A big sell-off of shares in Europe's biggest bank HSBC in Asia spilled over into London today, leaving the price nursing a loss of 53½p, or 8%, at 586½p, its lowest level since 9/11 and the attack on the World Trade Center in New York in 2001.

The big American broking house Morgan Stanley reckons the banking giant may soon have to turn to shareholders for extra funds of between $20 billion and $30 billion and halve the dividend.

The broker expects the bank's earnings to fall sharply this year with no prospect of recovery until 2011 at the earliest. Profits will be hit by falling and flattening yield curves, combined with the impact of the global recession and foreign exchange effects, and this will impair HSBC's dollar cash flow.

“Our detailed study of HSBC's capital and asset quality position reinforces our belief that it will have to halve the dividend and raise major capital in 2009.”

It also warns that HSBC's balance sheet is not as strong as most people might imagine. It has one of the weaker capital ratios in Europe and the second weakest in Asia. A detailed review of the subsidiary accounts shows that it has injected $11 billion worth of equity into subsidiaries during 2008.

HSBC was the first bank to make write-offs resulting from the collapse in the subprime lending market in February 2007, but has not, so far, gone to the Government to ask for extra funds.

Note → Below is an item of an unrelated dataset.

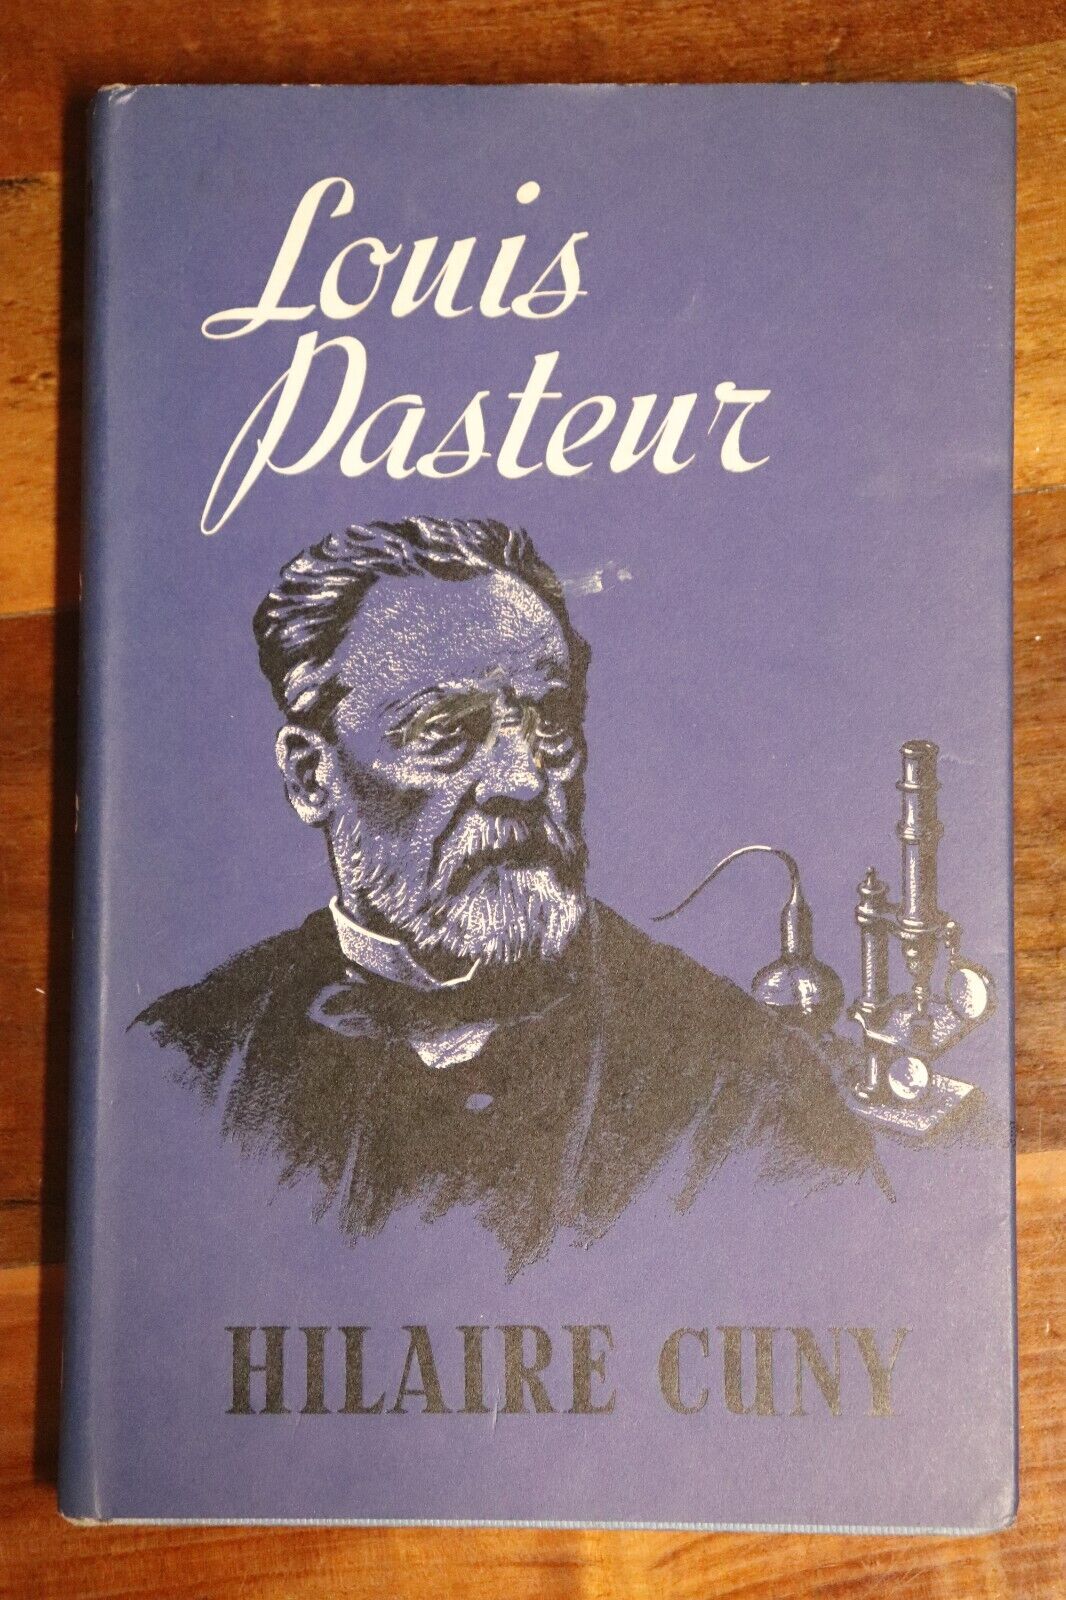 Louis Pasteur: The Man & His Theories by H Cuny - 1965 - Vintage Science Book

The rest of the banks were also making heavy weather of it. There is every likelihood that some of them will need to return cap-in-hand to the Government later this year for a second round of funding which will result in them being fully nationalised. The full-year reporting season gets under way in a matter of weeks and should make interesting reading. Confirmation of more than 2000 job losses at its retail banking arm should have cheered Barclays, down 17.8p at 148.1p, but it didn't.

Gossip in the Square Mile claims it could be the first target for the stock-market bears when the short-selling ban expires on Friday. It has, so far, refused to approach the Government for any extra cash, relying instead on tapping sovereign wealth funds.

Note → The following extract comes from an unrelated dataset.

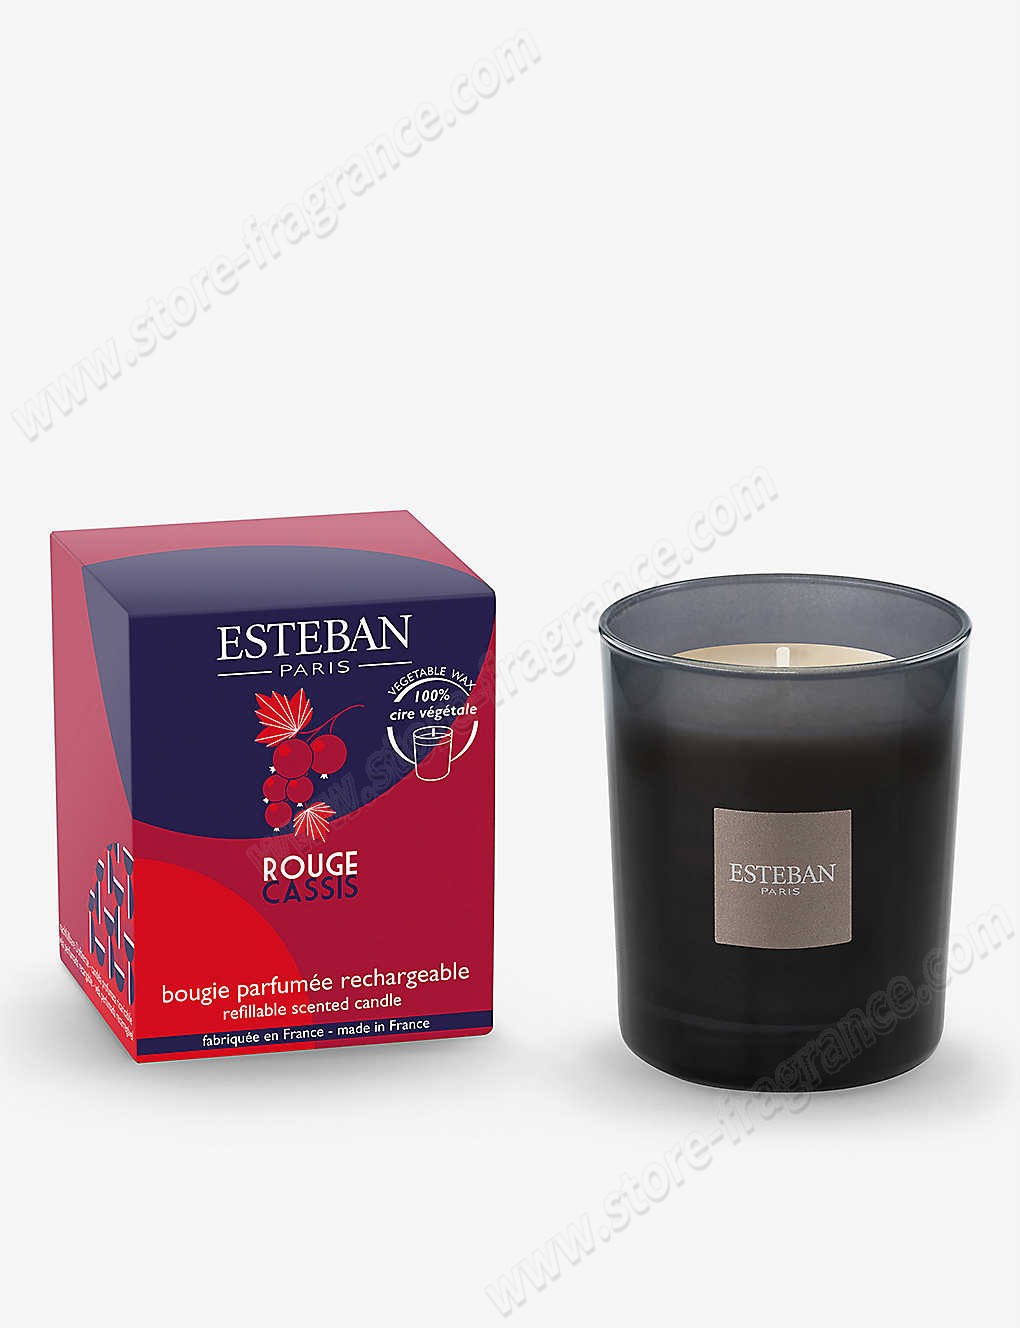 ESTEBAN/Rouge Cassis scented candle 170g ✿ Discount Store - ESTEBAN/Rouge Cassis scented candle 170g ✿ Discount Store

There were also losses for HBOS, down 8.2p at 72.8p, and merger partner Lloyds TSB, 11.9p to 121.1p. Standard Chartered, which raised money from shareholders towards the end of last year, fell 52½p to 782½p. Royal Bank of Scotland was left nursing a loss of 4.3p at 46.8p. Some institutional investors claim the true value of the shares may be just a penny in the event of further funding requests.

Meanwhile, the London stock market extended its losing streak to six consecutive days. The FTSE 100 index fell 153.8 to 4245.3 with losses among the banks accounting for around one third. It has fallen almost 400 points since last Wednesday, or 8.4%.

The gloomy trading update from Punch Taverns, down 14½p at 43¼p, took a toll on the other debt-laden pub chains. Enterprise Inns fell 10¼p to 51p with Marston's off 9¼p at 118½p, Greene King 31½p at 423¾p and JD Wetherspoon 14¼p at 294p.

UBS reckons 2009 will be a tough year for the oil industry and does not believe that the pricing environment for the sector is likely to improve before the second half of the year. As a result, investors are unlikely to have the appetite to pay for higher earnings until prospects become clearer. Its top picks are BP, 11p firmer at 504½p, and Wood Group, 10p lighter at 212½p.

Margins are under increasing pressure at Drax, Europe's biggest coal-fired power generator, which has prompted Morgan Stanley to repeat its sell rating and drop its target price to 495p. The Drax share price, down 39½p at 520p, has underperformed the rest of the sector by 22% since September and by 6% in absolute terms. The key driver to its profits is the dark green spread, the margin on coal plants, which has lost 20% during the past month. Morgan Stanley prefers to put its money in Scottish & Southern Energy, down 7p at 1200p, which last week raised almost £500 million to spend on acquisitions.